Archive for February, 2010

Tuesday, February 23rd, 2010

Twenty Three

Jennifer Brookes: The aquarium has been on my mind since this project began..it’s the only place you can (try to) capture the mystery of the underwater world without risking your life. Recently I read a book titled The Art of Diving in an attempt to counteract my oceanic fears, and it wasn’t until after finishing the book and watching a clip from an underwater BBC time lapse that I finally decided to visit the aquarium with my camera. Standing two inches away from a giant octopus with nothing but a sheet of glass between you doesn’t make the deep sea any less terrifying, but it does feel incredible.

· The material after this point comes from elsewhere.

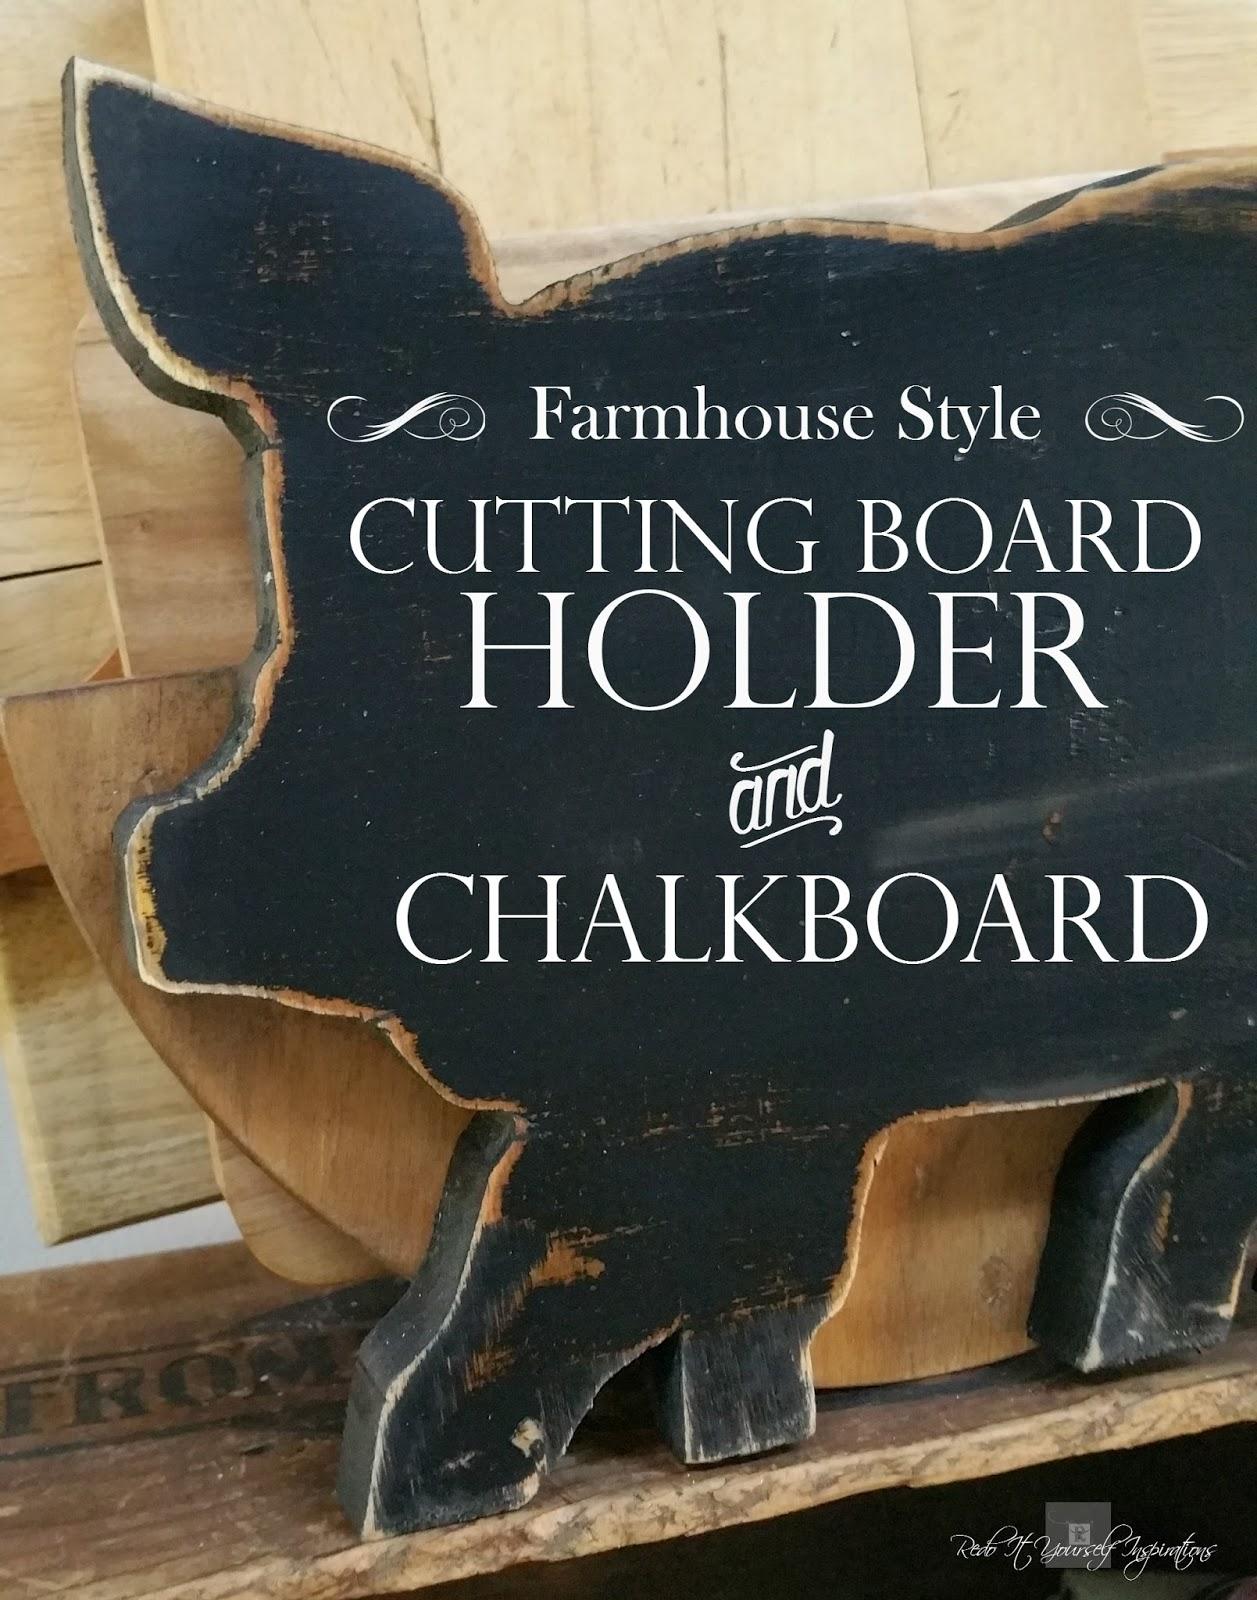 farm style cutting board holder redo it yourself inspirations rh redoityourselfinspirations blogspot com

Eric Peterson: Music boxes exist in a weird state between musical instrument and recording. Its components are what are usually put into instruments, but its specific design is to play one tune that’s permanently and physically etched into some surface, like a phonograph. Sometimes I feel a little bad about the gap between the amount of time it takes for me to write and record some of my pieces and the amount of time Jenny puts into some of her pieces. So, to make up for some of that, this week I made a music box. I hope you’ll excuse the way it sounds, it’s the first one I’ve ever built. I won’t go into the details of how here, but you should look at some photos of the process on flickr. Composing for it was new and interesting because it was entirely mathematical. After mapping what note corresponded to each of the 18 tines (it wasn’t chromatic, or even really in a specific key, like I thought it would be), and after etching out guidelines corresponding to each tine and each quarter beat with an awl (some measurements as small as 3/64″), arranging the song was the same as plotting points on a graph. This week is unique in that Jenny was responsible for both the visuals and the audio. You can hear cars as they pass by as she cranked the music box and I held a microphone to it in her Seattle apartment where the music box now resides.